Routine inpatient provider-initiated HIV testing in Malawi, compared with client-initiated community-based testing, identifies younger children at higher risk of early mortality

J Acquir Immune Defic Syndr. 2013 May 1;63(1):e16-22. doi: 10.1097/QAI.0b013e318288aad6.


Objective: To determine how routine inpatient provider-initiated HIV testing differs from traditional community-based client-initiated testing with respect to clinical characteristics of children identified and outcomes of outpatient HIV care.

Design: Prospective observational cohort.

Methods: Routine clinical data were collected from children identified as HIV-infected by either testing modality in Lilongwe, Malawi, in 2008. After 1 year of outpatient HIV care at the Baylor College of Medicine Clinical Center of Excellence, outcomes were assessed.

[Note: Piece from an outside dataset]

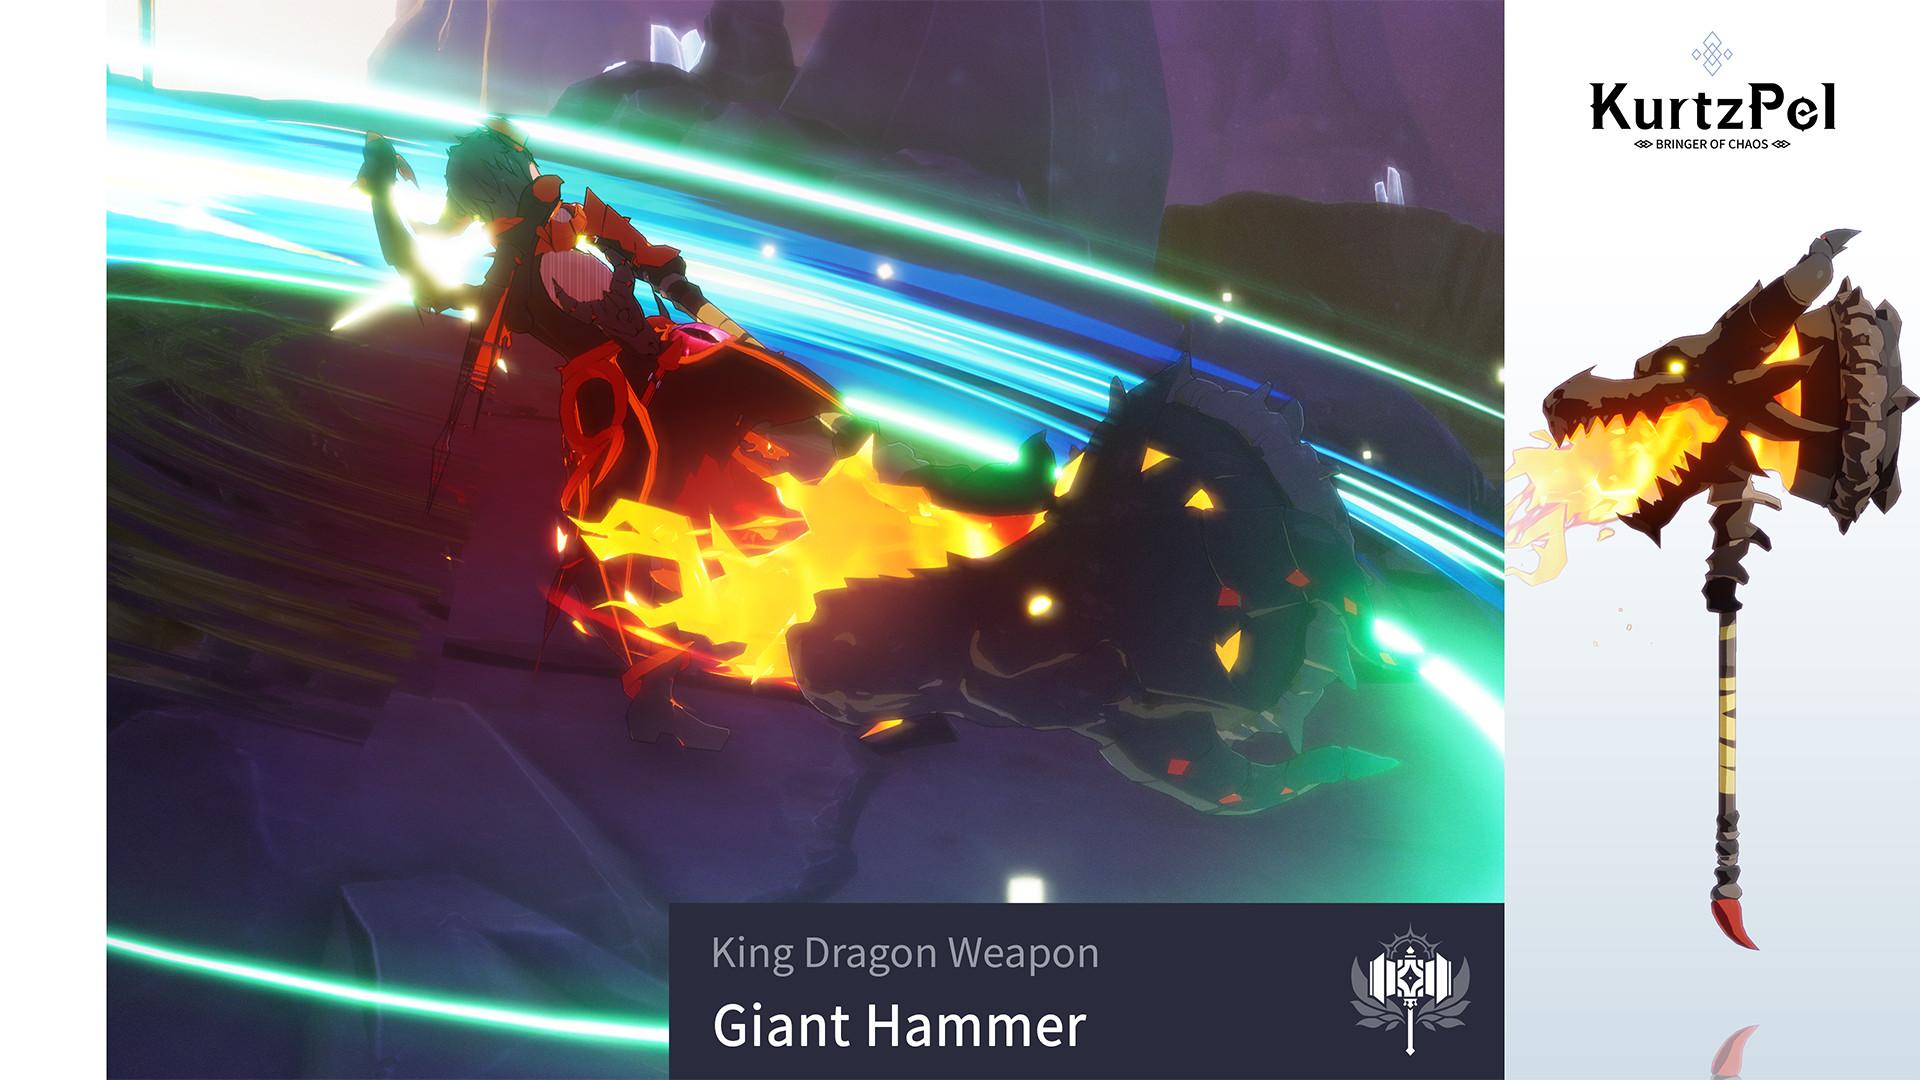 KurtzPel - King Dragon Giant Hammer screenshot
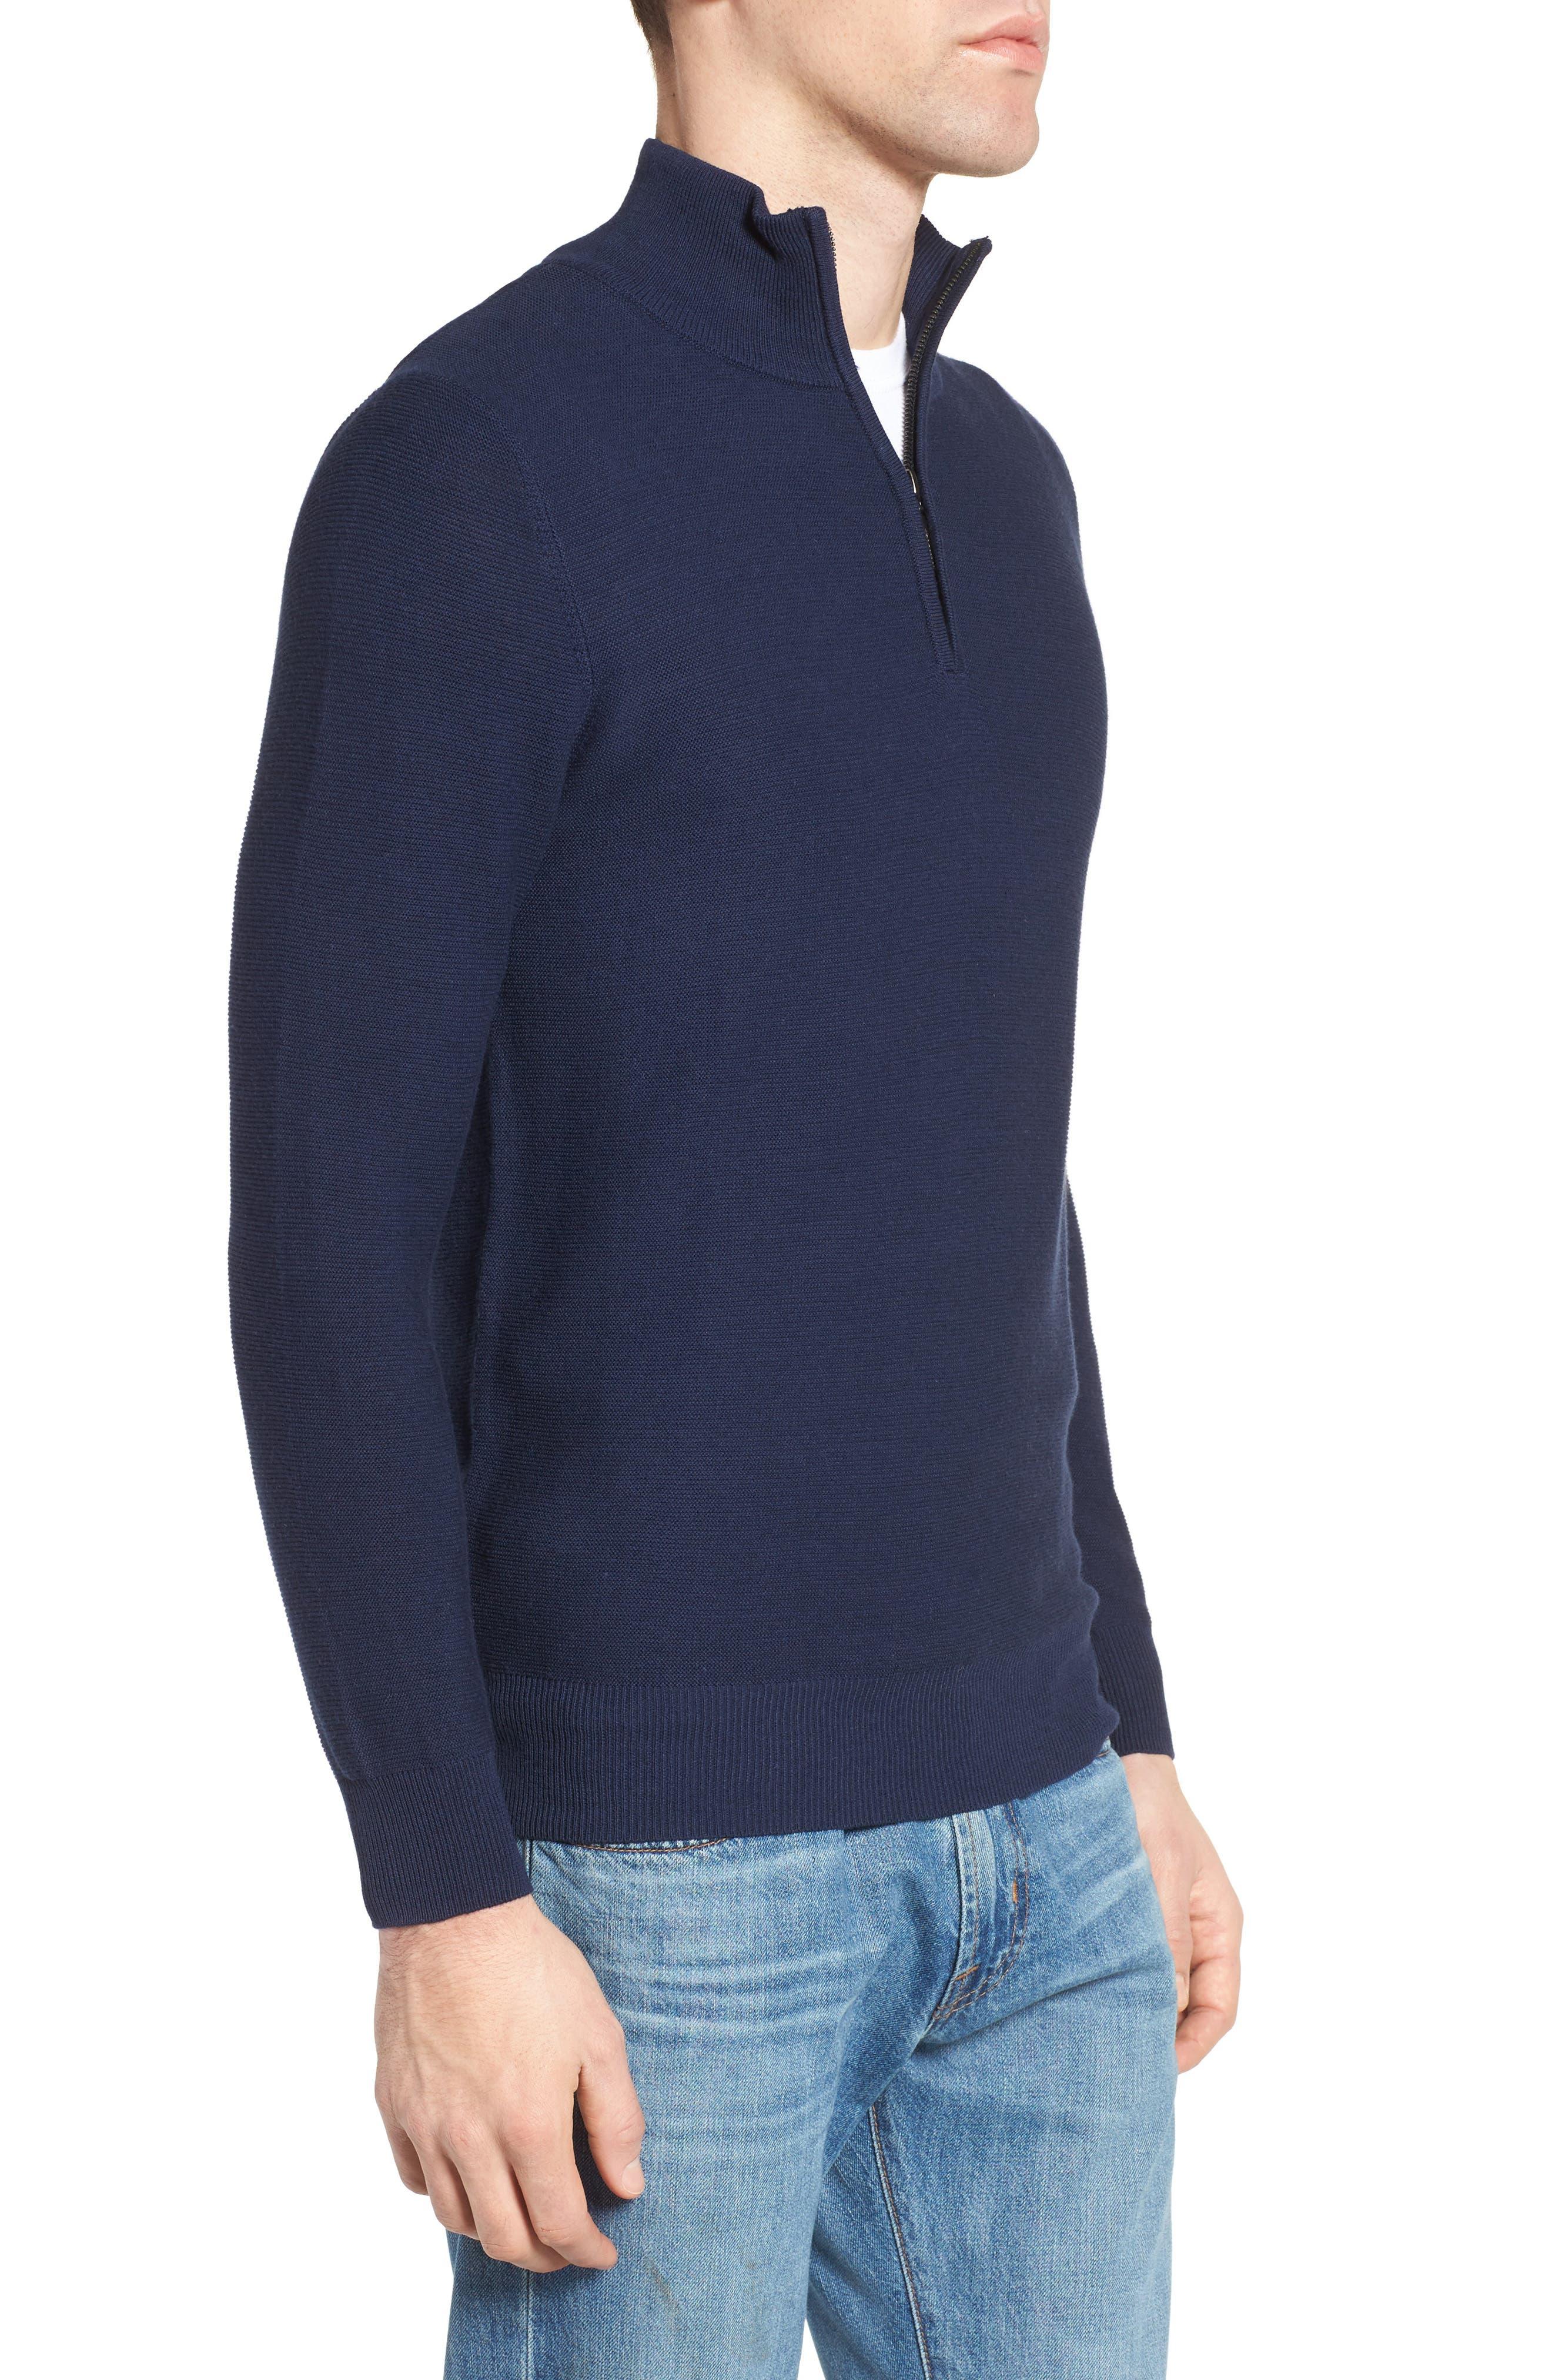 Quarter Zip Sweater,                             Alternate thumbnail 3, color,                             Navy

Results: Of 742 newly identified HIV-infected children enrolling into outpatient HIV care, 20.9% were identified by routine inpatient HIV testing. Compared with community-identified children, hospital-identified patients were younger (median 25.0 vs 53.5 months), with more severe disease (22.2% vs 7.8% WHO stage IV). Of 466 children with known outcomes, 15.0% died within the first year of HIV care; median time to death was 15.0 weeks for community-identified children vs 6.0 weeks for hospital-identified children. The strongest predictors of early mortality were severe malnutrition (hazard ratio, 4.3; 95% confidence interval, 2.2-8.3), moderate malnutrition (hazard ratio, 3.2; confidence interval, 1.6-6.6), age < 12 months (hazard ratio, 3.2; 95% confidence interval, 1.4-7.2), age 12 to 24 months (hazard ratio, 2.5; 95% confidence interval, 1.1-5.7), and WHO stage IV (hazard ratio, 2.2; 95% confidence interval, 1.1-4.6). After controlling for other variables, hospital identification did not independently predict mortality.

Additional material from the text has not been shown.